→ Aim of the task:
Nothing but the lines from the line with "Beautifully painted flowers on the lid." through the end of the data is to be copied, and each is to be copied exactly.

→ Data entries:
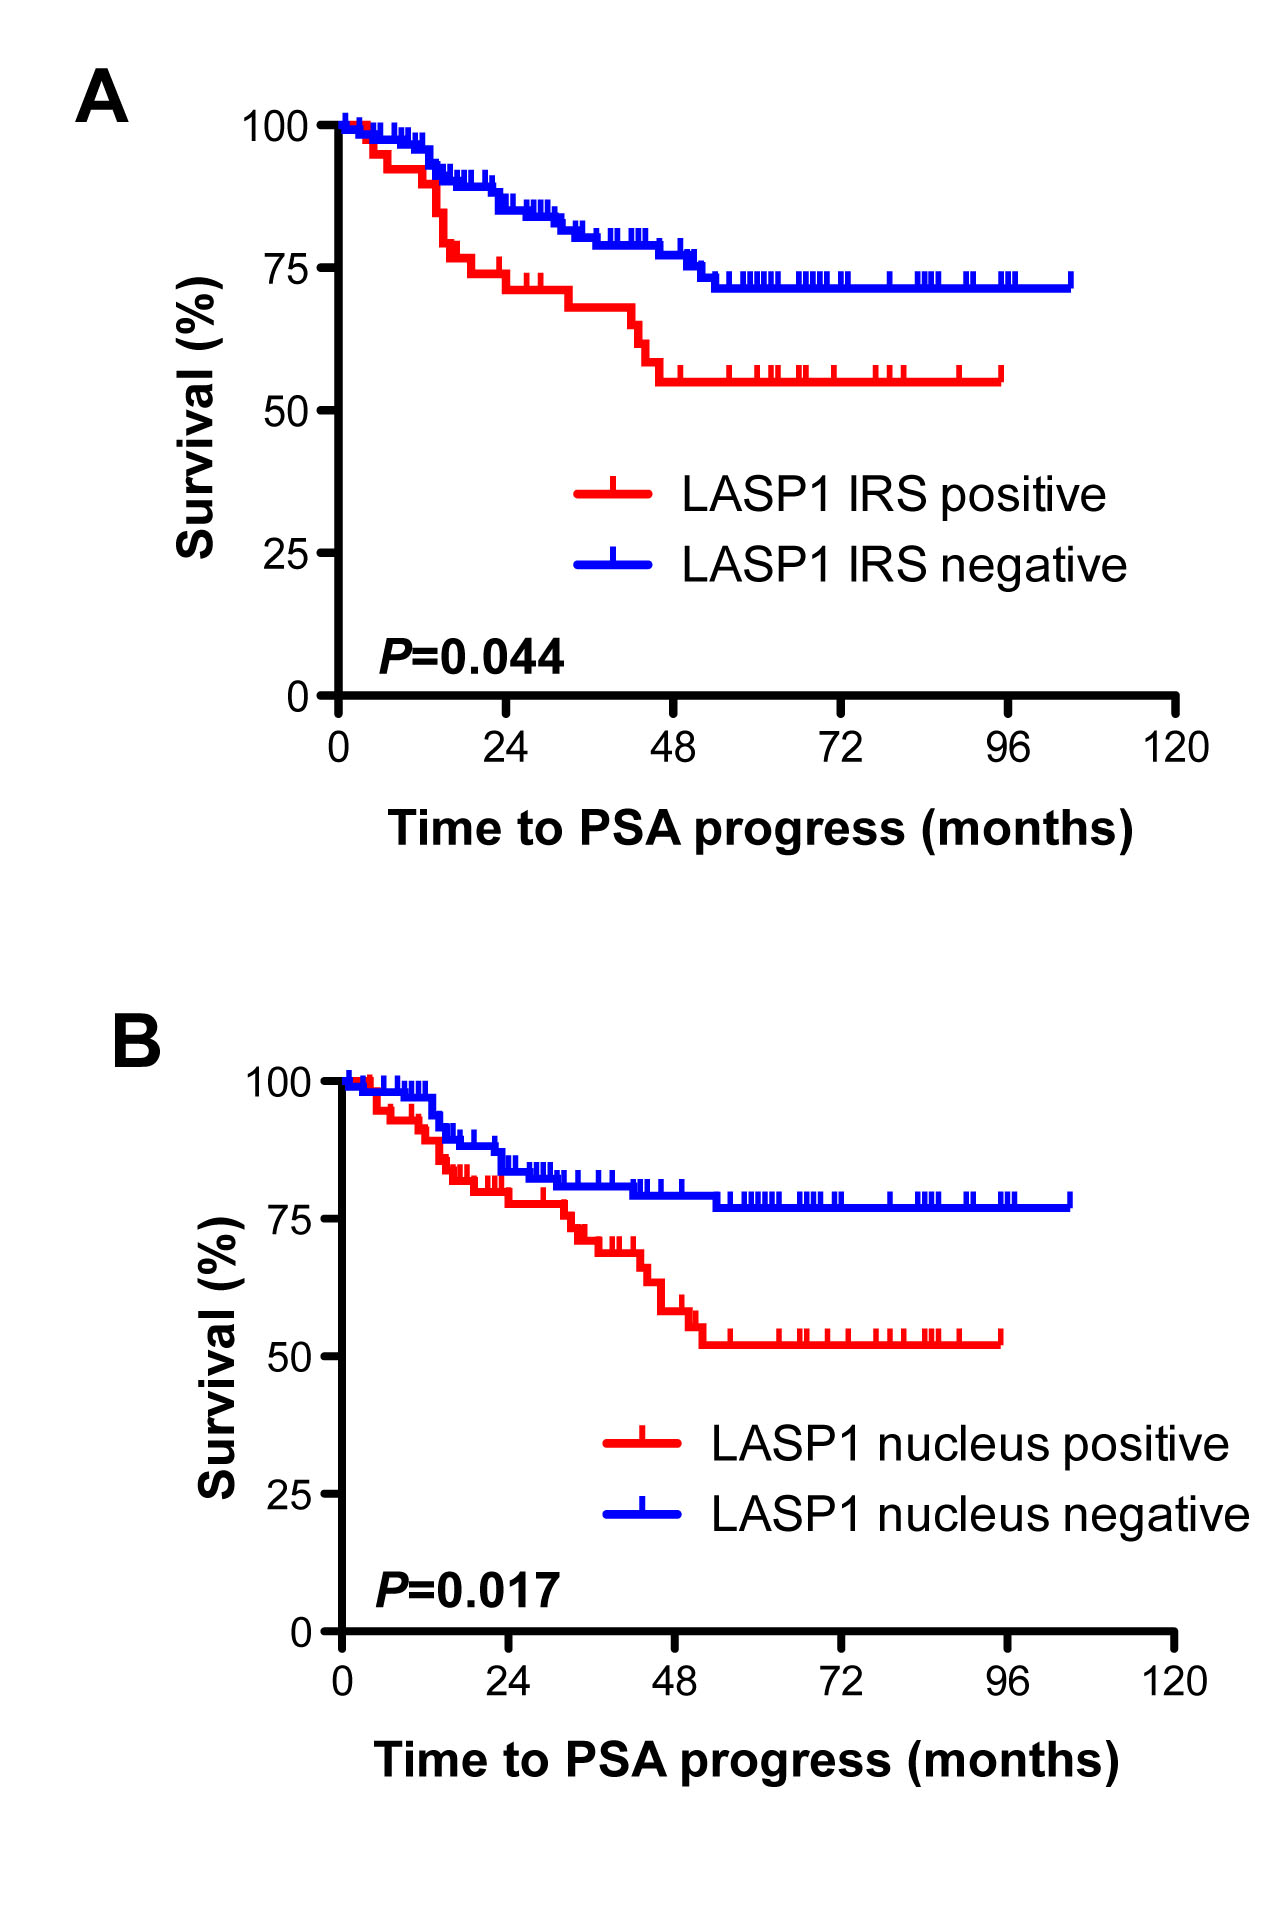 Cytosolic and nuclear LASP1 positivity correlate with PSA progress A: Kaplan-Meier plot displaying patients&#x2019; probability for PSA progress stratified by cytosolic LASP1 positivity (IRS&gt;5) and negativity (IRS&lt;5) B: Kaplan-Meier plot displaying patients&#x2019; probability for PSA progress stratified by nuclear LASP1 positivity (NUC≥10%) and negativity (NUC&lt;10%).
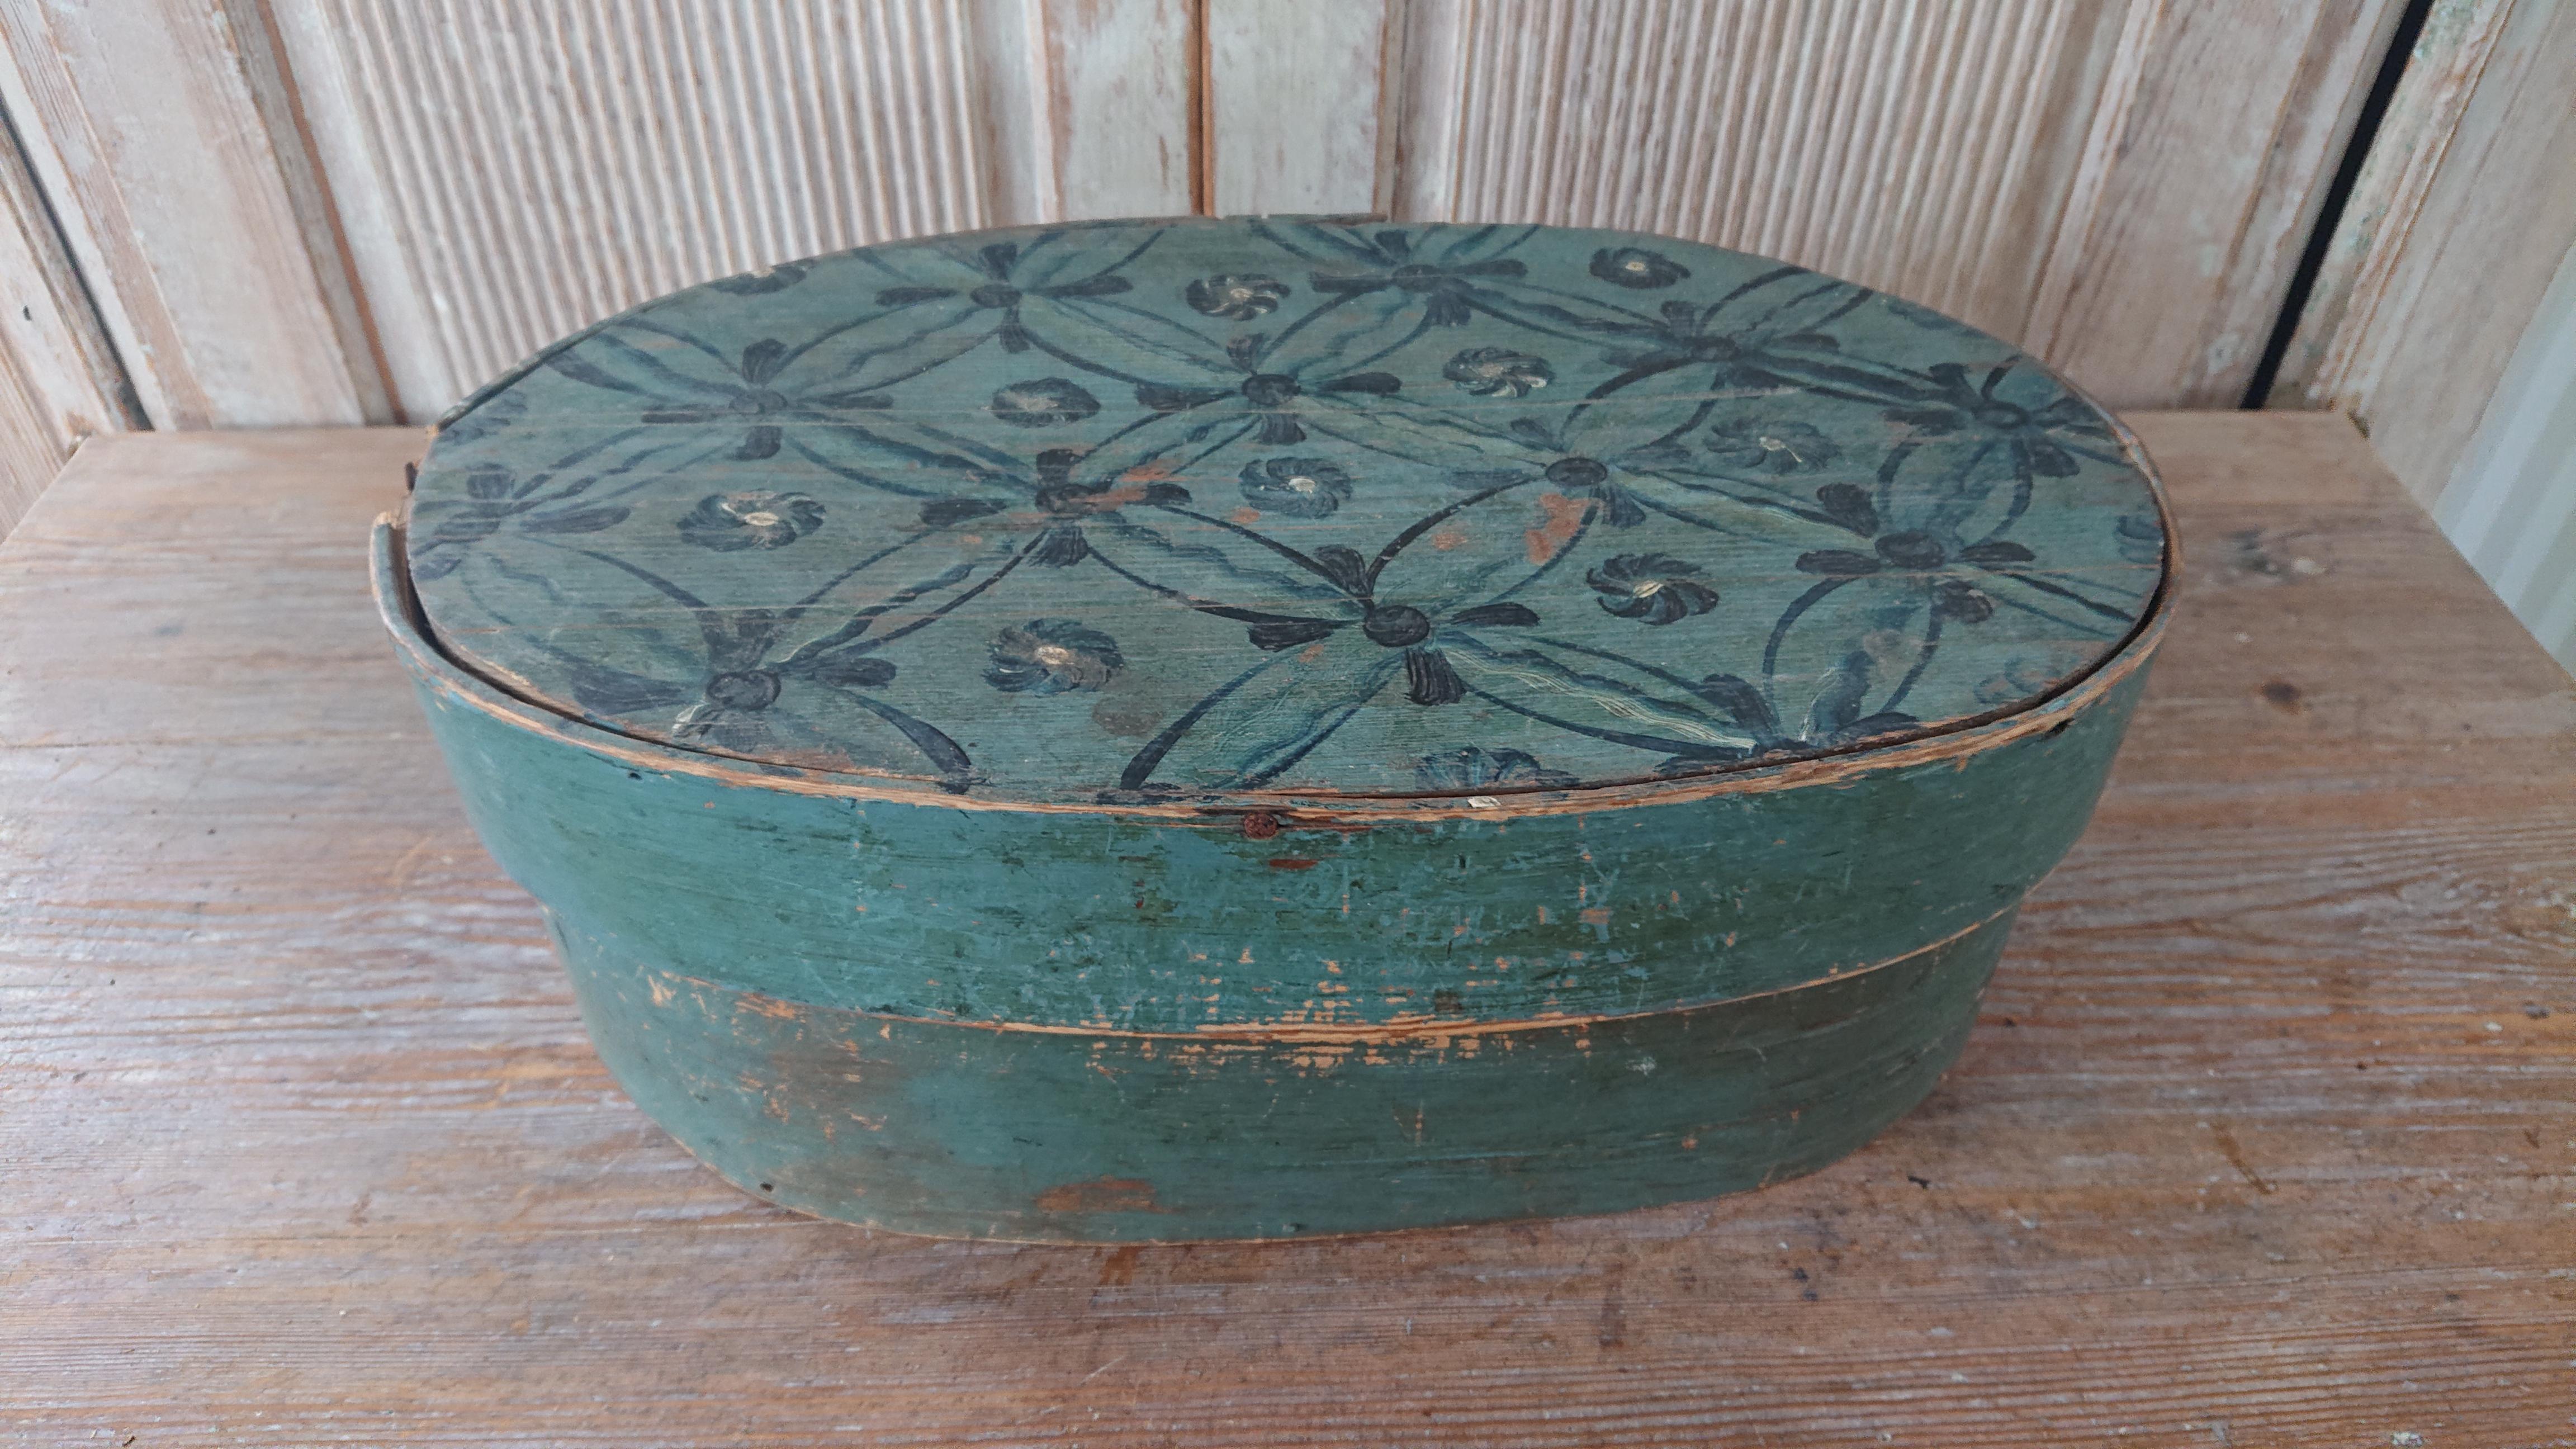 19th Century Swedish Folk Art Bentwood Box from Hälsingland, Northern Sweden.
Oval box with lid.
Originalpainted with nice patina after several hundred years of use.
Beautifully painted flowers on the lid.
Small wood damage occur.
Valuables

→ Task result:
Beautifully painted flowers on the lid.
Small wood damage occur.
Valuables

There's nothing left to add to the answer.